Ecuador presentó oficialmente la Estrategia para el Fomento del Desarrollo y Uso Ético y Responsable de la Inteligencia Artificial, un instrumento en el que el Gobierno venía trabajando desde agosto del año pasado y que pretende establecer una política pública para ordenar, guiar y acelerar la adopción de esta tecnología en el país, bajo un enfoque que prioriza la protección de derechos fundamentales, la inclusión social y la sostenibilidad ambiental.
La estrategia, emitida por el Ministerio de Telecomunicaciones y de la Sociedad de la Información (MinTEL) y publicada en el Registro Oficial en enero de 2026, incorpora una una visión de implementación a cuatro años (2025–2029) y se centra en el desarrollo y uso de la Inteligencia Artificial (IA) para contribuir al bienestar social.
En total, el documento contempla 3 ejes estratégicos para ordenar el ecosistema de IA. El primero, se enfoca en la gobernanza de la IA, que busca establecer principios éticos, mecanismos de supervisión y lineamientos claros para el uso de la IA, especialmente en el sector público.
En este primer eje, el gobierno ecuatoriano pretende priorizar la transparencia algorítmica, la responsabilidad en el uso de datos y la alineación con los estándares internacionales de derechos humanos, como la Recomendación sobre la Ética de la IA de la Organización de las Naciones Unidas para la Educación, la Ciencia y la Cultura (Unesco).
Recomendamos: Colombia aprueba política nacional para el desarrollo de la Inteligencia Artificial
El segundo eje, dedicado a capacidades y tecnología, reconoce que sin talento humano, infraestructura y ecosistemas de investigación, la adopción de IA será limitada. Por ello, la estrategia impulsa el fortalecimiento de la educación en IA. La formación de profesionales especializados, el desarrollo de infraestructura tecnológica y el fomento de la investigación, desarrollo e innovación.
El tercer eje está centrado en la adopción y desarrollo de la IA. Aquí, el gobierno ecuatoriano busca promover casos de uso concretos en sectores estratégicos como salud, educación, justicia, agricultura, finanzas y servicios públicos.
Este eje enfatiza en el desarrollo de soluciones que respondan a problemáticas locales de Ecuador, como el acceso a atención médica en zonas rurales o la reducción de brechas educativas mediante plataformas adaptativas.
Para el cumplimiento de cada eje, la estrategia se articula con la Constitución, con la Ley Orgánica para la Transformación Digital y Audiovisual, la Ley de Telecomunicaciones y la Ley Orgánica de Protección de Datos Personales para evitar escenarios de vigilancia, uso indebido de información o toma de decisiones automatizadas sin mecanismos de control humanos.
Otro aspecto relevante es la incorporación explícita del enfoque ambiental. La estrategia reconoce que la IA puede tener un impacto significativo en el consumo energético y la huella de carbono, especialmente en infraestructuras como Centros de Datos.

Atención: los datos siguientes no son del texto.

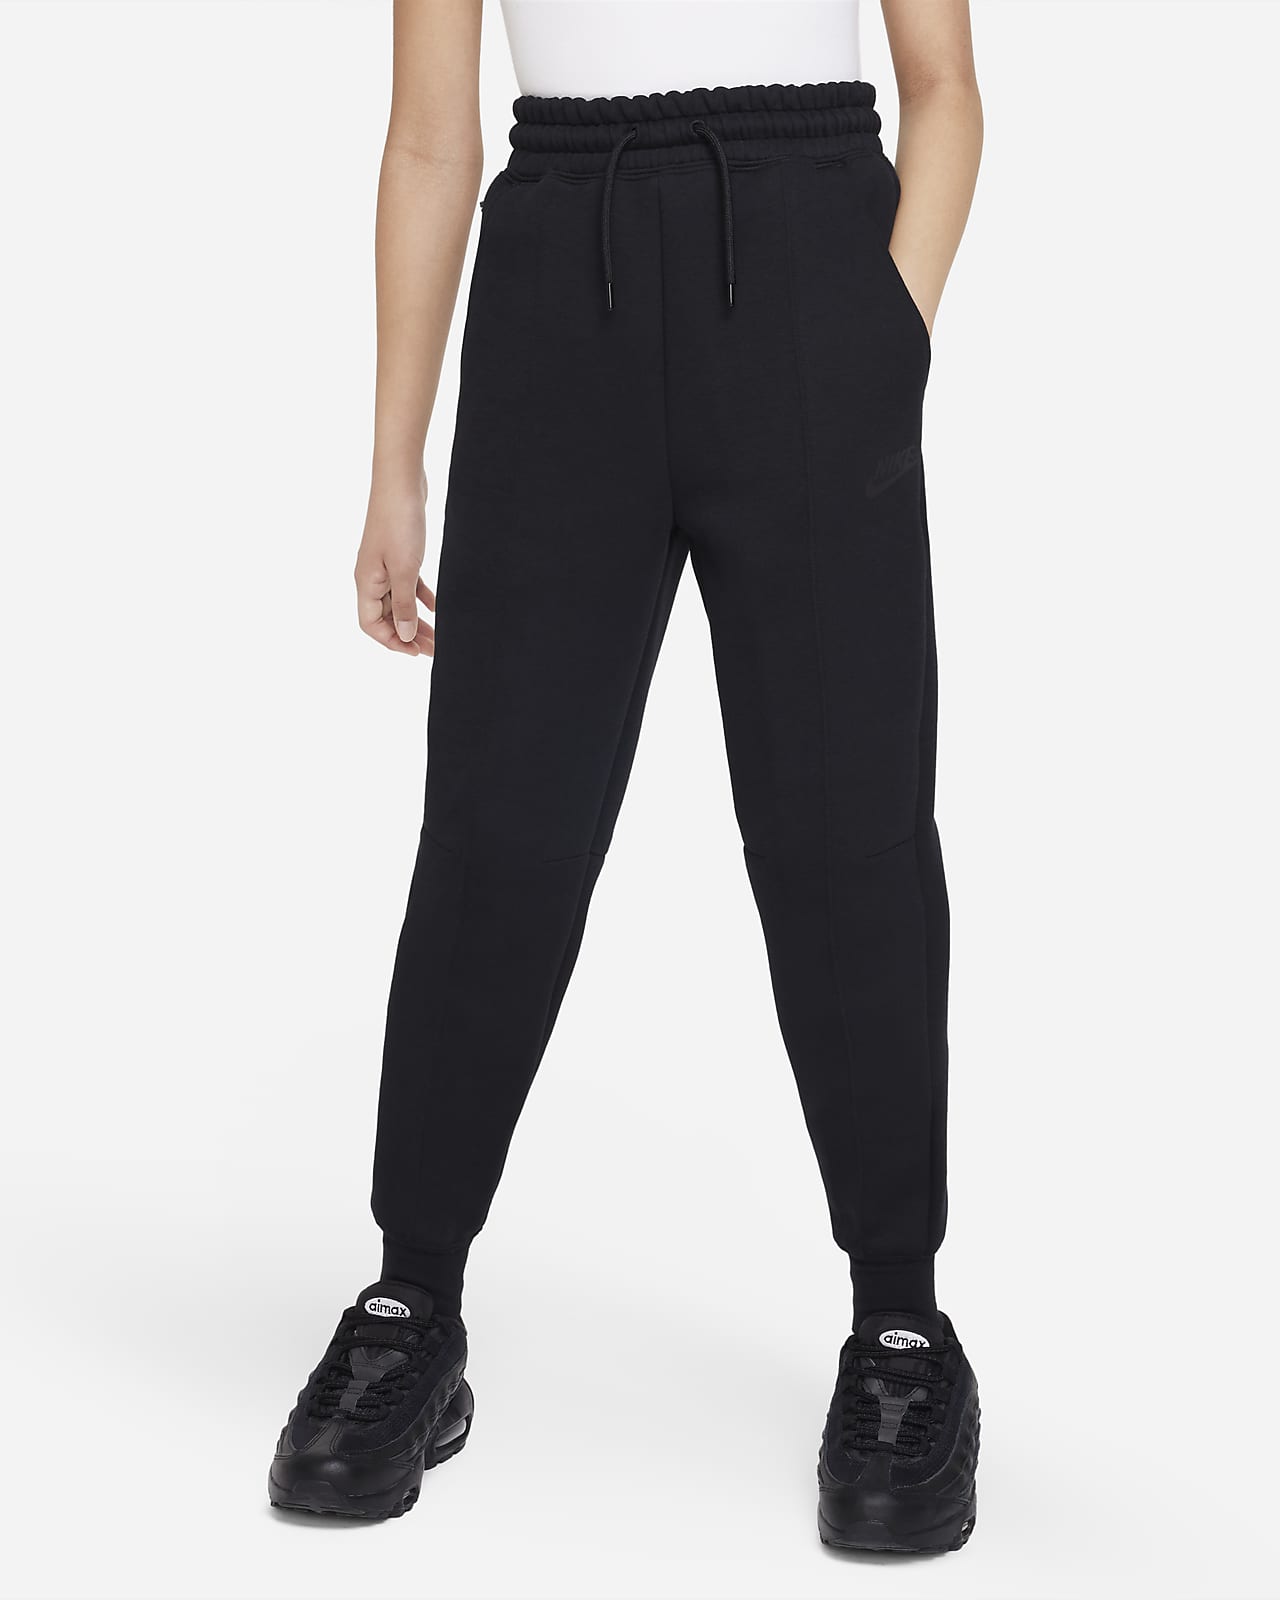 Παντελόνι φόρμας Nike Sportswear Tech Fleece για μεγάλα κορίτσια

Por ello, el documento promueve el uso eficiente de recursos, la adopción de energías renovables y el diseño responsable de infraestructuras tecnológicas, alineando el desarrollo de la IA con los principios constitucionales de sostenibilidad y derechos de la naturaleza.
Por otro lado, la estrategia no enfatiza en presupuestos ni rubro específicos de inversión, pero establece un marco habilitante para la movilización de recursos mediante cooperación internacional y alianzas público-privadas. Organismos como Unesco, Banco Interamericano de Desarrollo (BID), PNUD y CAF, así como empresas tecnológicas y el sector académico, han participado en su construcción y aparecen como actores clave para su implementación.
Este enfoque refuerza la idea de que la IA debe desarrollarse de manera colaborativa, con participación del Estado, la academia, el sector privado y la sociedad civil.
Tras la presentación oficial de la Estrategia Nacional de Inteligencia Artificial, el siguiente paso será su implementación progresiva a través de planes operativos, coordinación interinstitucional y casos de uso concretos, especialmente en el sector público.